Zurueck zum Produkt
Installationsanleitung

HAMi AI Platform: Installation and Onboarding Guide

Deploy HAMi AI Platform on Kubernetes, including component dependencies, HAMi activation, and verification steps.

v2.9.0Zuletzt aktualisiert: 2026-05-20

This guide is for SREs and platform engineers. It walks through deploying HAMi AI Platform to a Kubernetes cluster and integrating with HAMi, Prometheus, NVIDIA GPU Operator, Gateway API, and other foundational components.

⚠️ Installation ≠ Activation

After completing the Helm installation in this section, HAMi AI Platform components will be running. However, HAMi Enterprise's underlying GPU virtualization and scheduling features require a license activation to work properly.
The installation itself does not depend on a license, so you can complete the deployment first, then apply for and import the license in the subsequent steps.

In short: Install the software first, then obtain the license; vGPU partitioning and scheduling will not work without activation, and verification will fail.

Architecture & Positioning

HAMi AI Platform (Dynamia Intelligent Heterogeneous Compute Scheduling and Virtualization System) is an application platform deployed on top of Kubernetes clusters, providing unified scheduling, tenant quota, monitoring visualization, and developer workspaces for heterogeneous compute. Key characteristics:

  • Federated control plane: connects to the Dynamia cloud HAMi enterprise platform control plane; one tenant manages multiple clusters
  • Unified management interface: built-in admin, monitoring, and user consoles
  • Open & composable: relies on standard K8s ecosystem (Prometheus, Helm, Gateway API, HAMi device plugin)
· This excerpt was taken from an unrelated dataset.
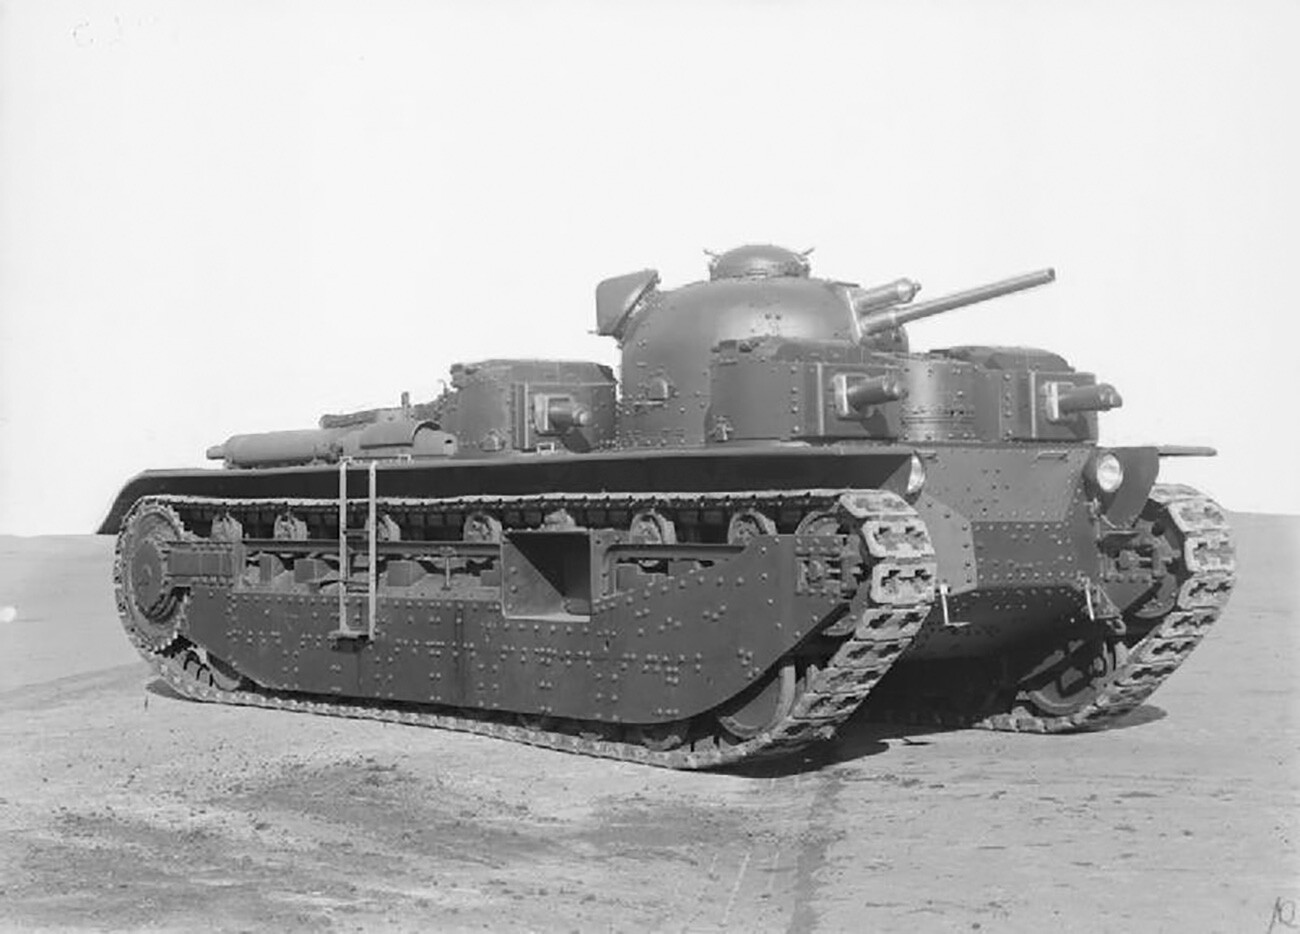 Vickers 'Independent' Heavy Tank (A1E1).

Best fit for: multi-tenant GPU sharing, memory oversubscription, heterogeneous accelerator (NVIDIA / Ascend / Hygon DCU / etc.) unified scheduling, plus developer workspaces and federated cluster management.

Prerequisites

Run the checks below on each Kubernetes cluster you plan to onboard:

TypeRequirementVerify
Kubernetes≥ 1.24kubectl version --short
Container Runtimecontainerd or Dockerkubectl get nodes -o wide
Helm≥ 3.14helm version --short
GPU DriverNVIDIA driver ≥ 470 (≥ 550 recommended)nvidia-smi
Prometheus≥ 2.37 (if integrating monitoring)kubectl get pods -A | grep prom
GPU OperatorInstalled AND devicePlugin.enabled = false (recommended version: v25.3.2)helm list -A | grep gpu-operator
Cluster Storagedefault StorageClass configured or self-managed PVCkubectl get sc

Critical constraint: HAMi ships its own device-plugin and conflicts with the NVIDIA GPU Operator's built-in device-plugin. If GPU Operator is installed, you must disable its device-plugin via --set devicePlugin.enabled=false.

Install HAMi Enterprise

HAMi AI Platform depends on HAMi Enterprise as the underlying GPU virtualization and scheduling layer. Complete HAMi Enterprise deployment and activation first.

Two installation paths — choose based on your scenario:

  • Online OCI install (evaluation, PoC, clusters with external network access)
  • All-in-One Air-gap Bundle (finance / government / telecom isolated networks)

Regardless of path, you must apply for and activate a license at the end.

Path A: Online OCI Chart Install

If you wish to use a Chinese domestic mirror registry, please contact Dynamia.ai sales/support for details.

We recommend using a version tracking system to maintain values files for all Helm releases in the cluster. Use -f example-values.yaml to override corresponding keys in the chart's default values.

After selecting the correct kubeconfig context, proceed:

If you haven't installed nvidia/gpu-operator yet, install it first.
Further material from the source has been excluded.